→ **SUPPLIED INFORMATION**:
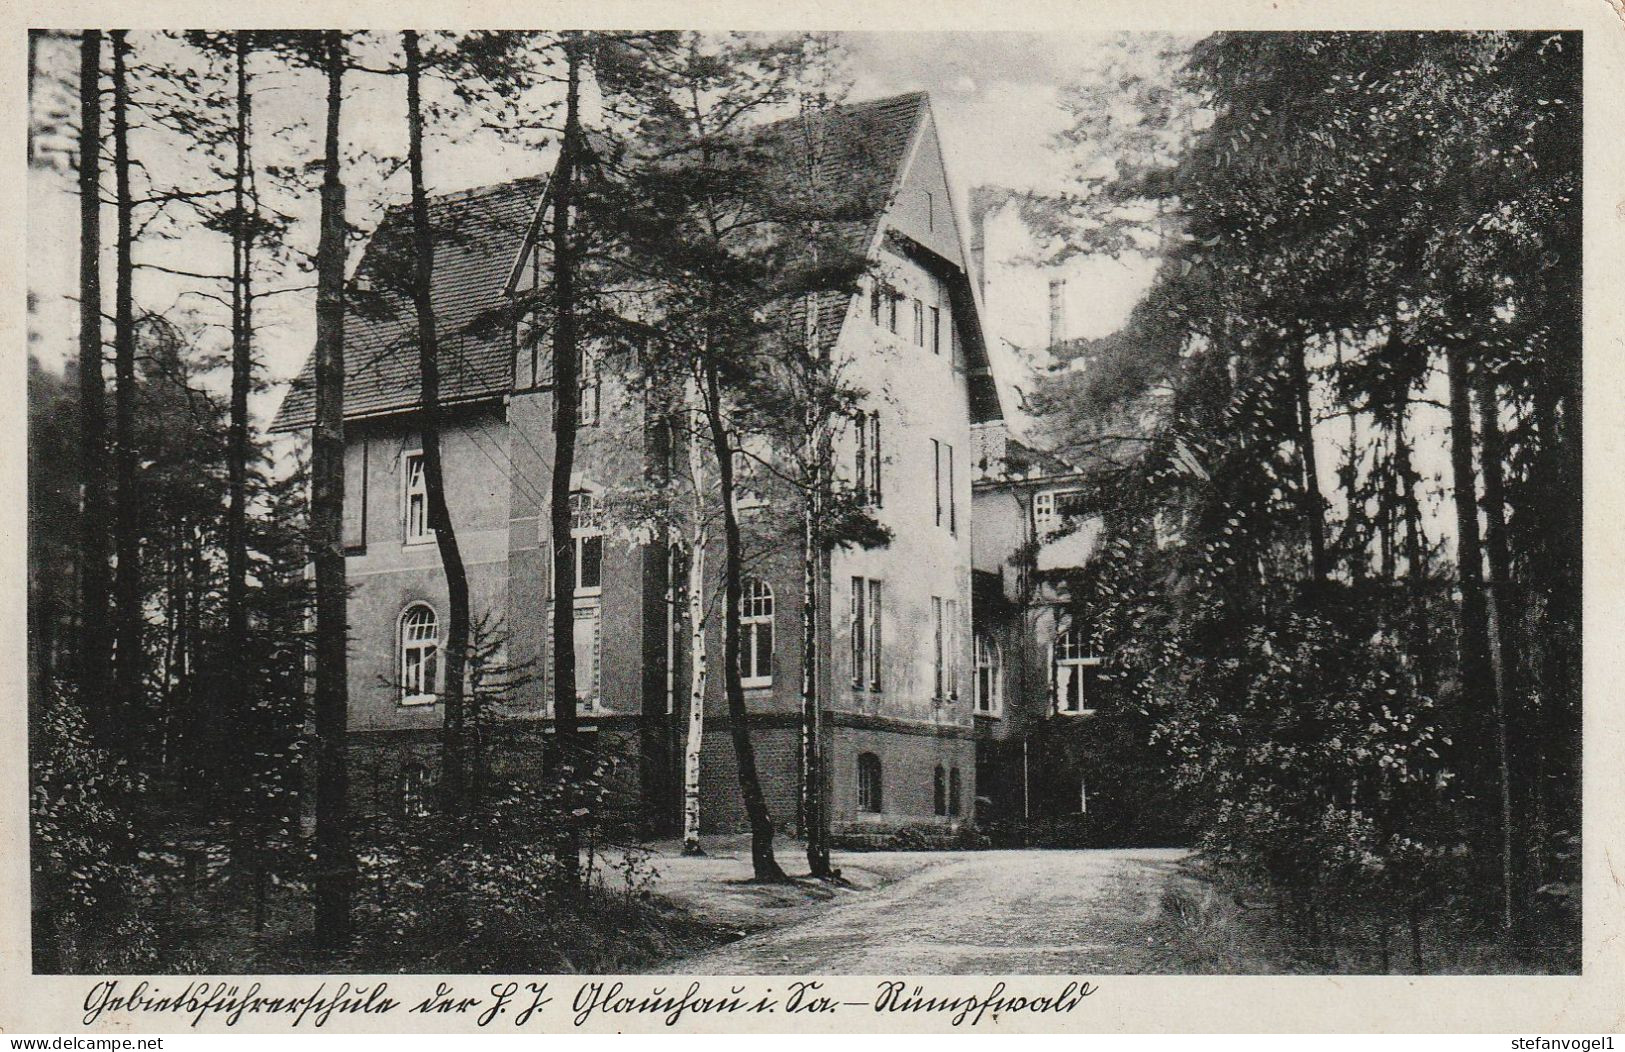 Glauchau   Gebietsführerschule HJ   Gel. 1937 - Glauchau
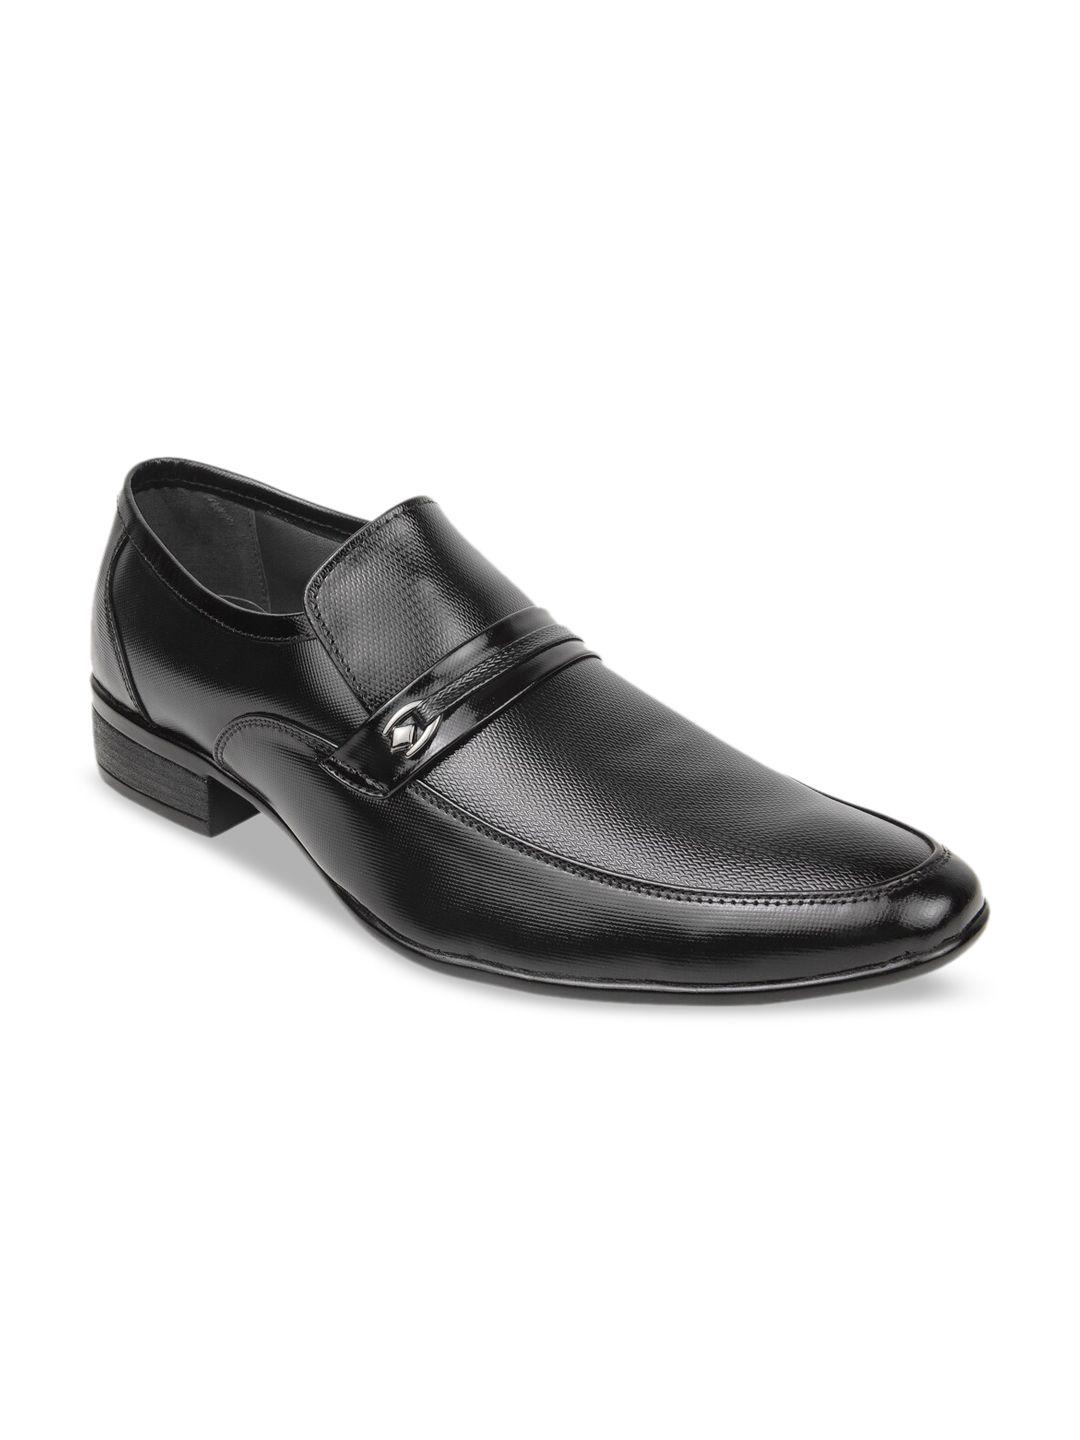 Regal Men Black Textured Formal Slip-On Formal Shoes
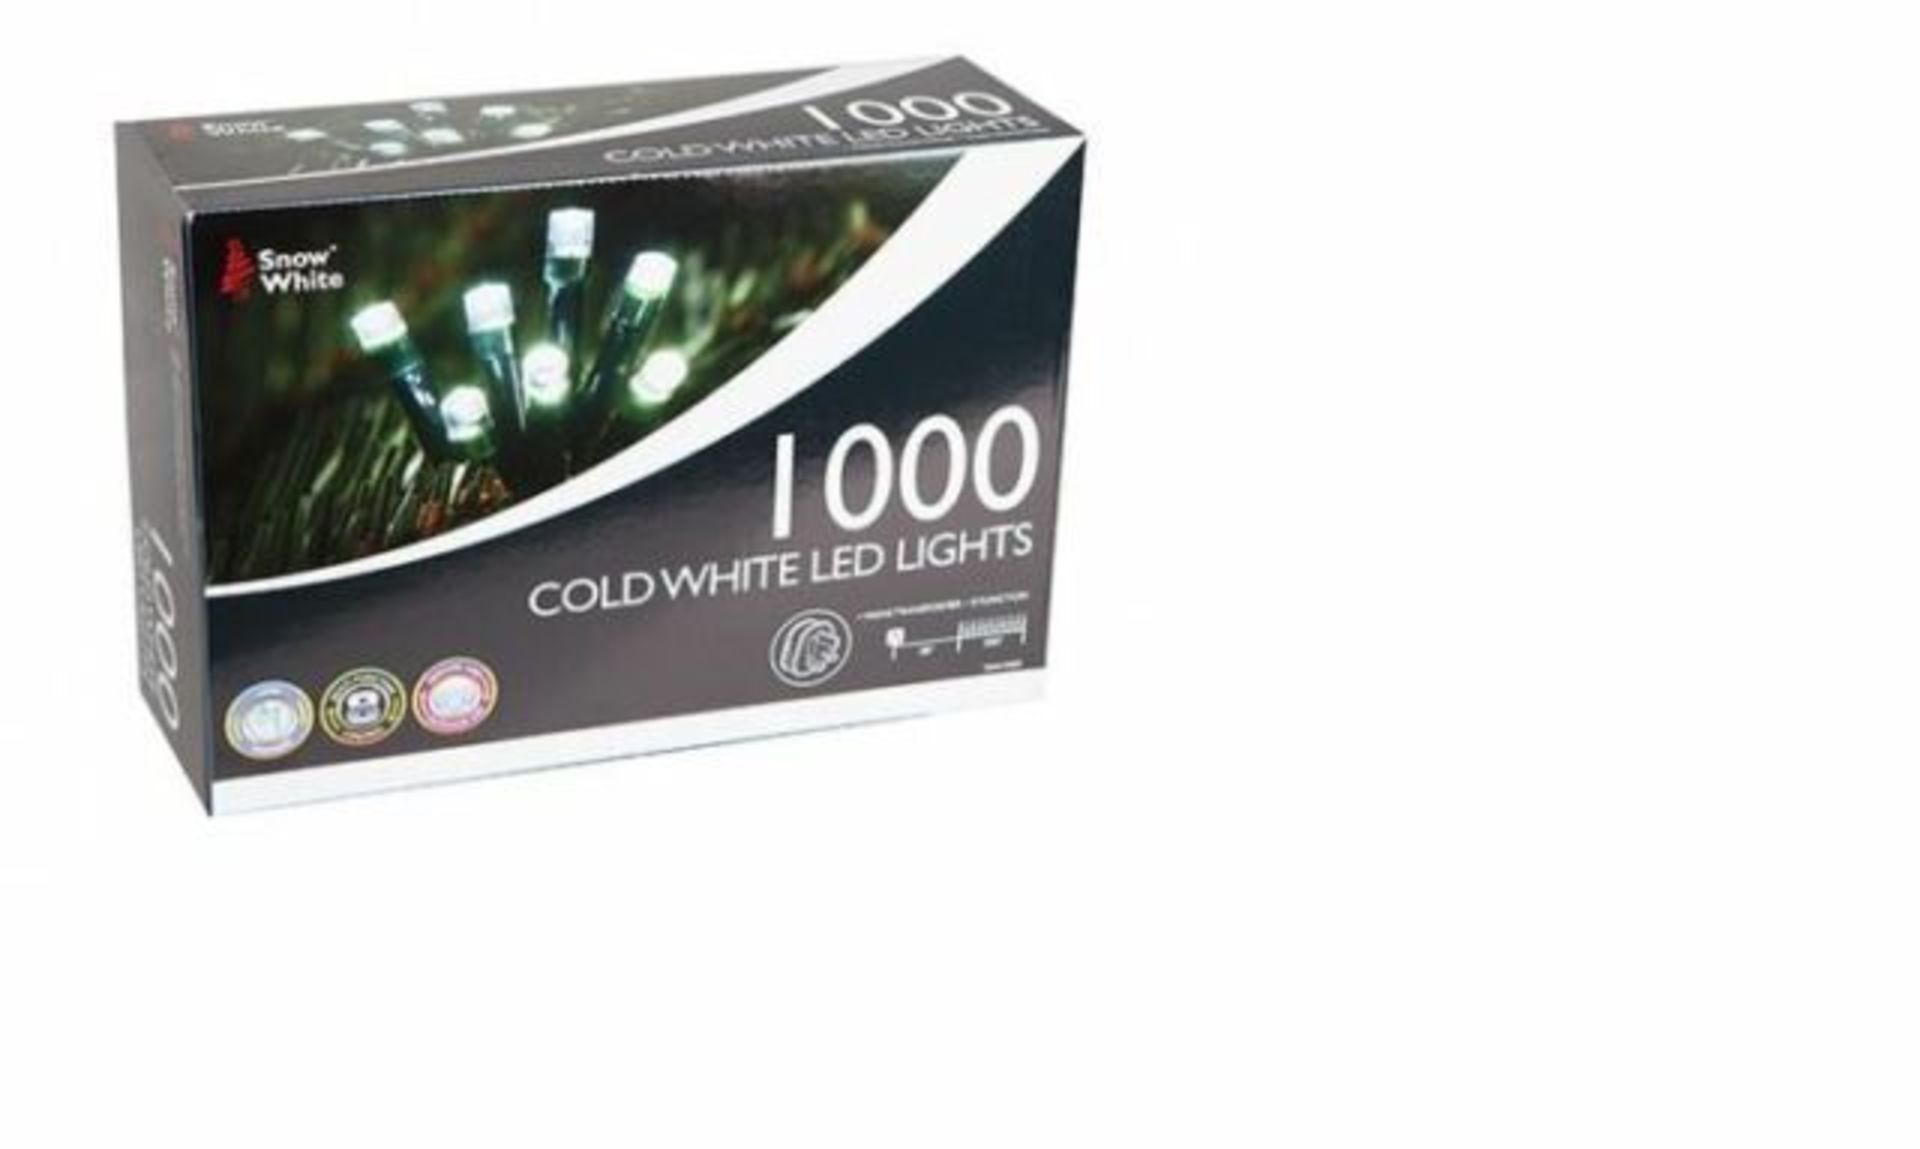 V Brand New 1000 Cold White LED Multi Function Christmas Lights

→ **PROMPT**:
A faithful copy of all the data above is required, printed exactly and with no pictures.

→ **EXERCISE OUTPUT**:
 Glauchau   Gebietsführerschule HJ   Gel. 1937 - Glauchau
 Regal Men Black Textured Formal Slip-On Formal Shoes
 V Brand New 1000 Cold White LED Multi Function Christmas Lights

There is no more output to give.